There is a link between sex hormones and the brain, and it is one not many people are aware of. Sex hormones can interact with certain parts of the brain, causing a variety of effects in both males and females. This article will uncover the link between sex hormones and the brain and the consequent effects of this relationship.
Sex hormones are a group of hormones that are responsible for sexual differentiation and reproduction. These hormones, also known as sex steroid hormones, are responsible for the different secondary sex characteristics observed in males and females as they approach puberty. Aside from the development of sexual characteristics, sex hormones also have other functions in the body. This includes regulating cholesterol, inflammatory response, and growth in certain body areas.

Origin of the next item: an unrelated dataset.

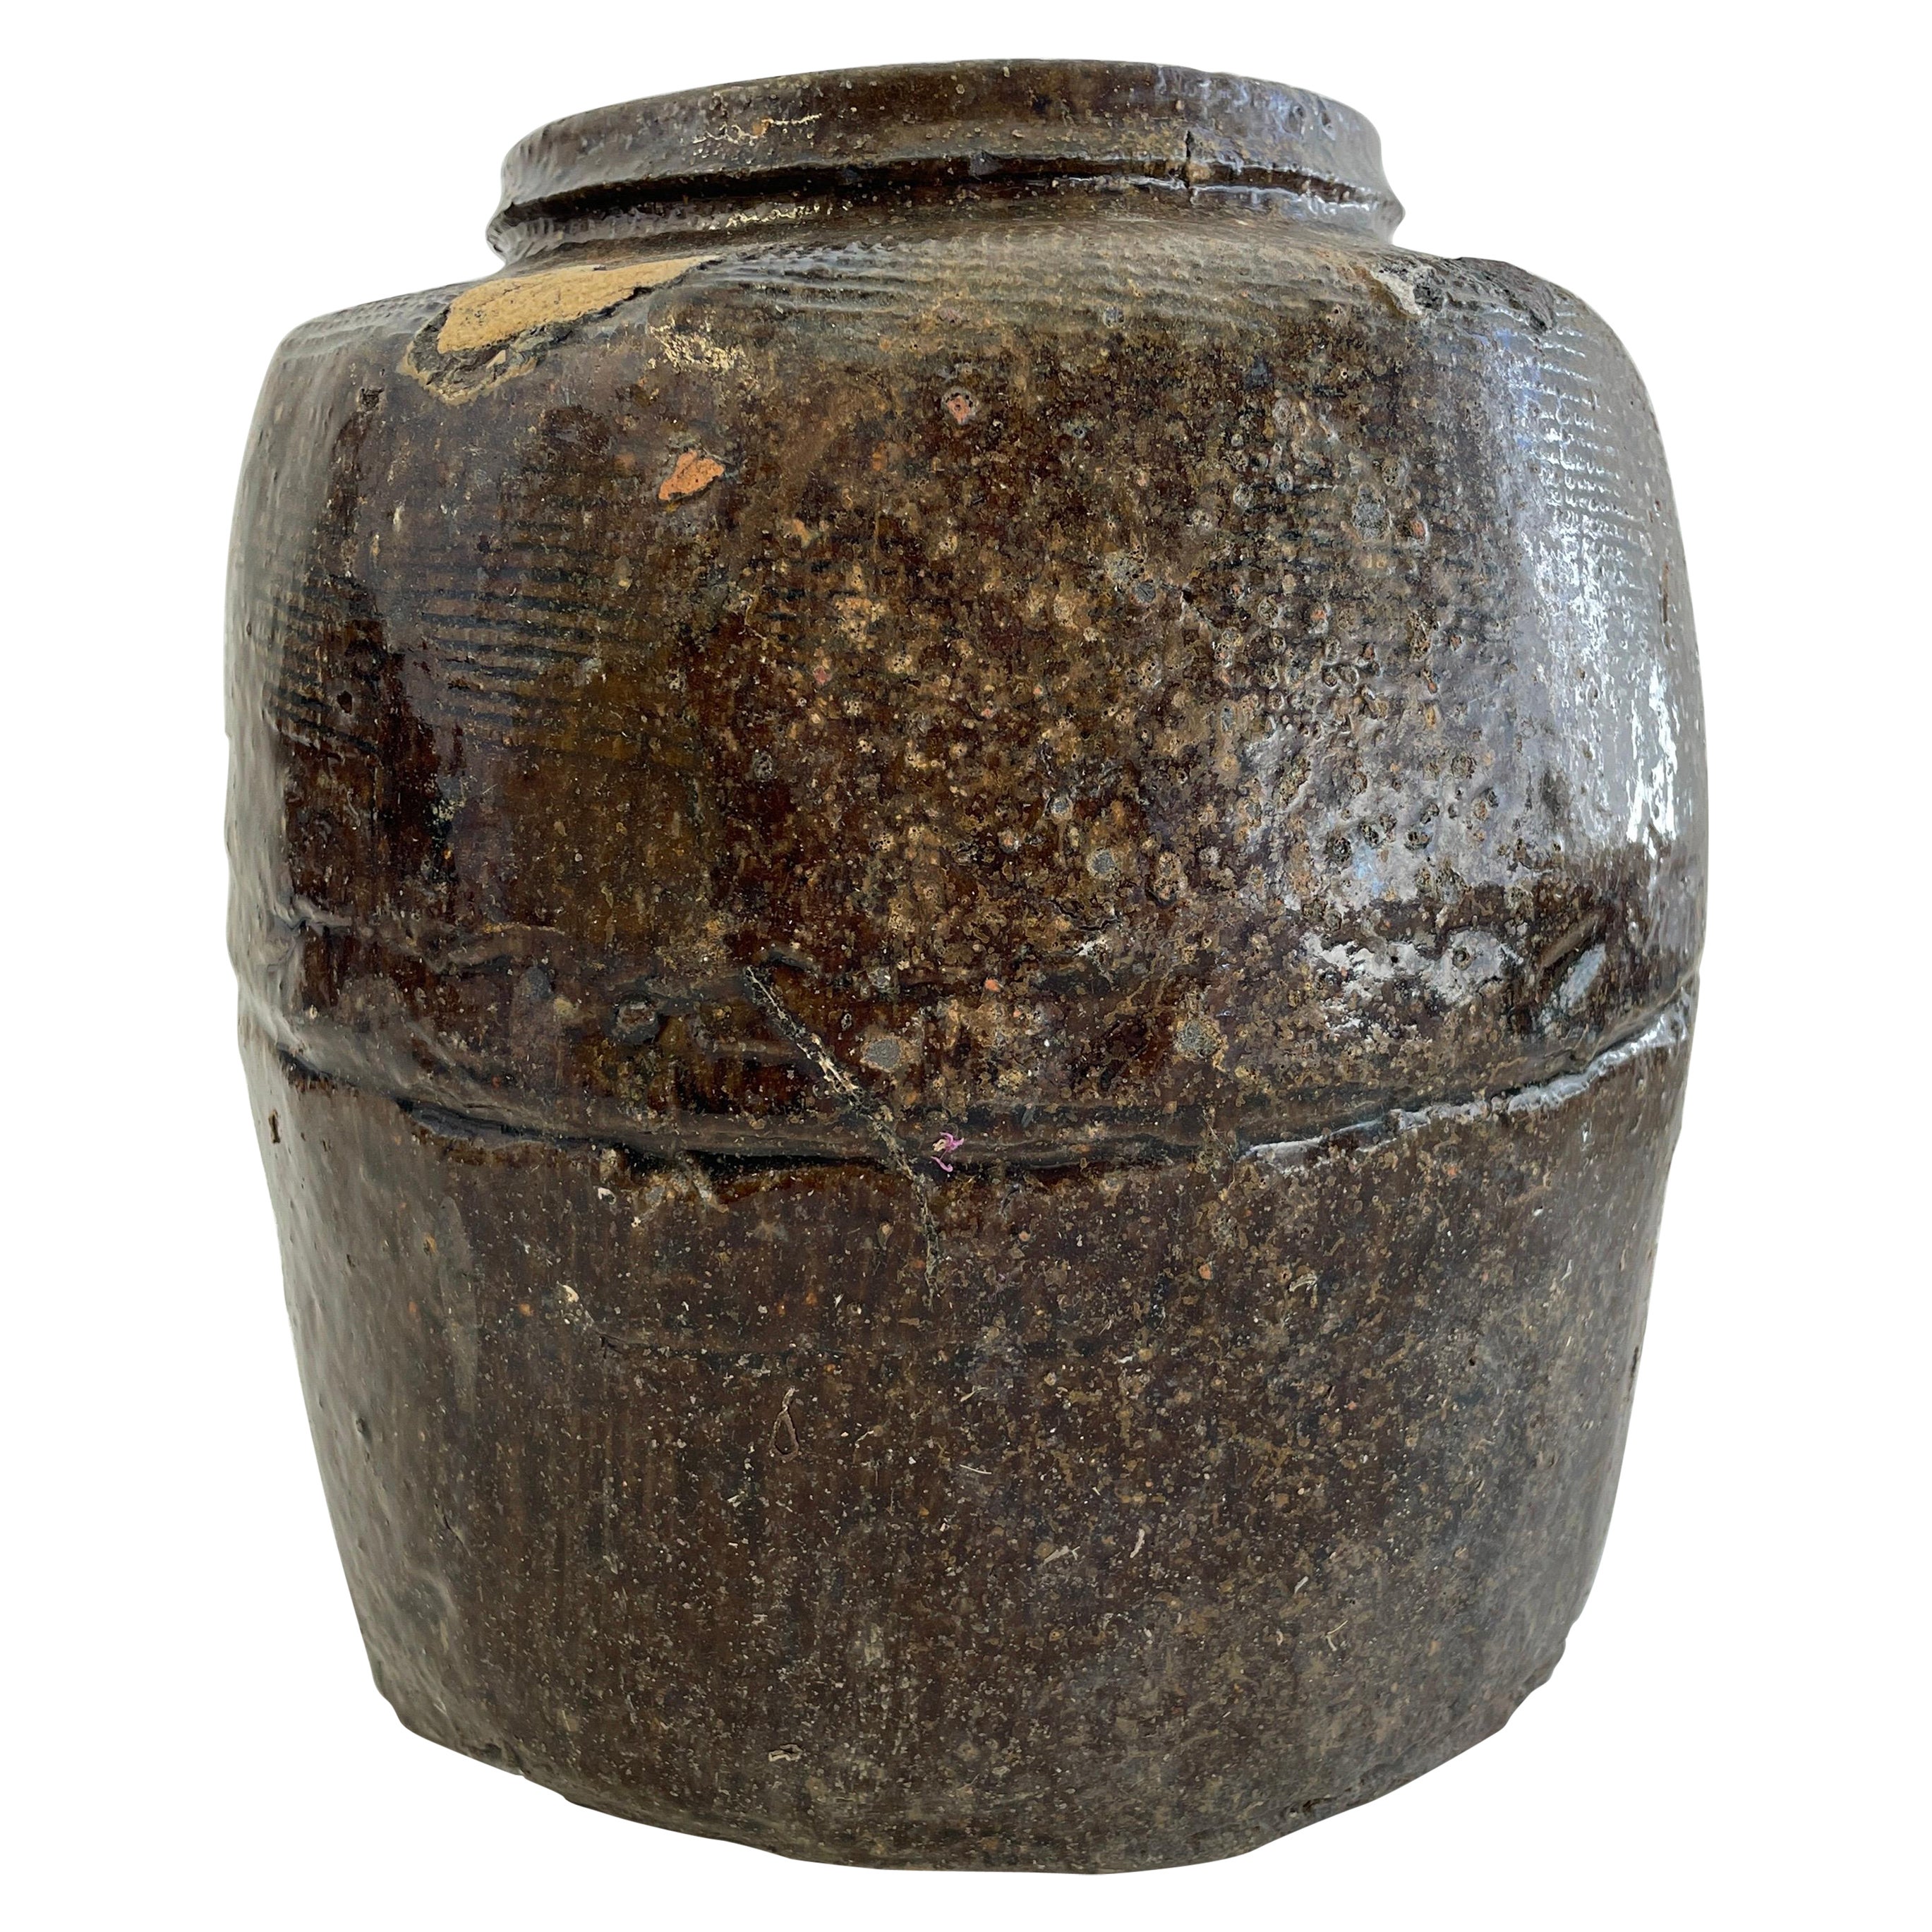 Vieille poterie en terre cuite émaillée brune
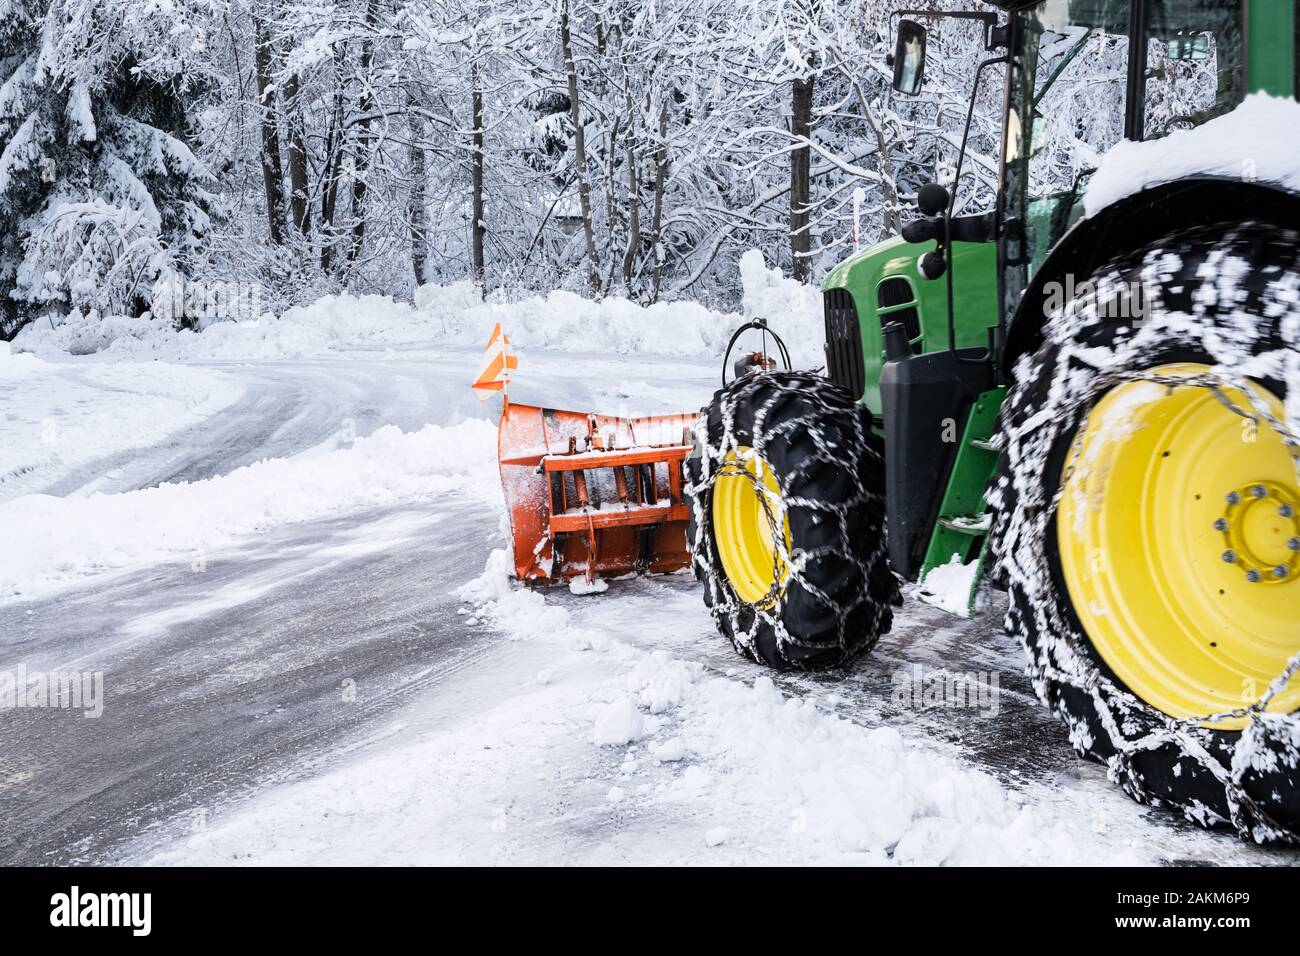 Schneereinigungsmaschine für den Traktor zum Entschneien von Schnee auf  einem Müllwagen. Schneepflug im Freien Reinigung Straße Stadt nach  Schneesturm oder Schneefall Stockfotografie - Alamy

The site of production of sex hormones, in both males and females, is the gonads. For males, that is the testes; for females, the gonads are the ovaries. However, to a lesser extent, sex hormones can also be produced by various biochemical processes that convert certain steroids in the liver into sex hormones.
These sex hormones can be divided into two types: those prominent in males and those prominent in females, although both males and females have both types to a lesser extent.
The sex hormones in men are often known as androgens. While androgens are present in both men and women, androgens are the primary sex hormones in men.
The commonest of these androgen hormones is testosterone. This hormone is useful in bone and muscle development, hair growth (particularly facial hair), modulating sex drive, voice deepening, prostrate development, and the production of sperm. A testosterone deficiency can cause fatigue, low sex drive, and irritability, even in women.
Other types of androgens are androstenedione, dehydroepiandrosterone, dehydroepiandrosterone sulfate, and dihydrotestosterone.
The two primary female sex hormones are estrogen and progesterone. Estrogen is the major female sex hormone and is largely responsible for regulating puberty, menstruation, pregnancy, and menopause in women. As with testosterone, this hormone is also present in men but in much lesser amounts. The production sites of estrogen in the body include the ovaries (major), adrenal glands, and fat cells (minor).
Progesterone, the other major female sex hormone, is produced by the ovaries after ovulation. It regulates the menstrual cycle, supports pregnancy, and also leads to the suppression of estrogen production after ovulation. As with estrogen, progesterone levels decrease during menopause.
The role of sex hormones in the development of secondary sexual characteristics is well-documented. However, there are few comprehensive reports on the functions of these sex hormones in other systems and parts of the body. Nonetheless, research has identified a link between sex hormones and the brain. Observed locations of sex hormones in the brain include the following: neurons, presynaptic terminals, mitochondria, spine, apparatus, glial cells, and post-synaptic densities.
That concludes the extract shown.